A primeira corrente, adotada de forma praticamente unânime por nossos Tribunais, apoia-se na Constituição Federal, que prevê, no parágrafo 3º do artigo 225, a possibilidade de tripla responsabilização dos autores de infrações ambientais, nas esferas civil, administrativa e penal.

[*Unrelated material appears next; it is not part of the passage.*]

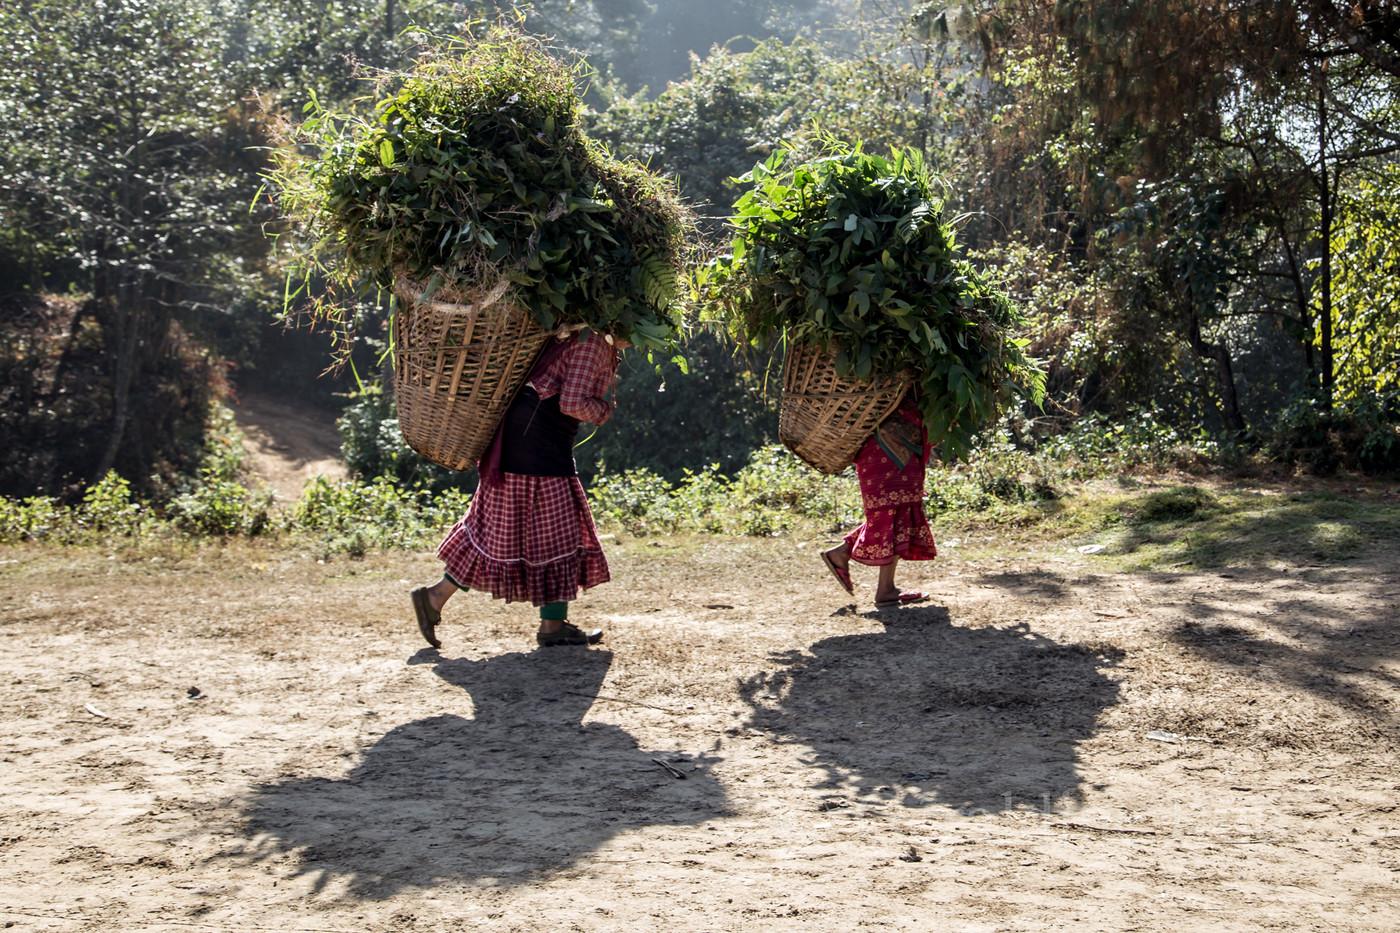 Népal 155639© Géraldine Rué.jpg

Assim, de acordo com essa corrente, o ajustamento firmado na esfera cível não teria o condão de obstar a propositura de ação penal para apurar eventual crime que tenha sido perpetrado. Em que pese a valorização da recuperação do dano, permaneceria, atendendo aos ditames constitucionais, a necessidade de intervenção no juízo criminal.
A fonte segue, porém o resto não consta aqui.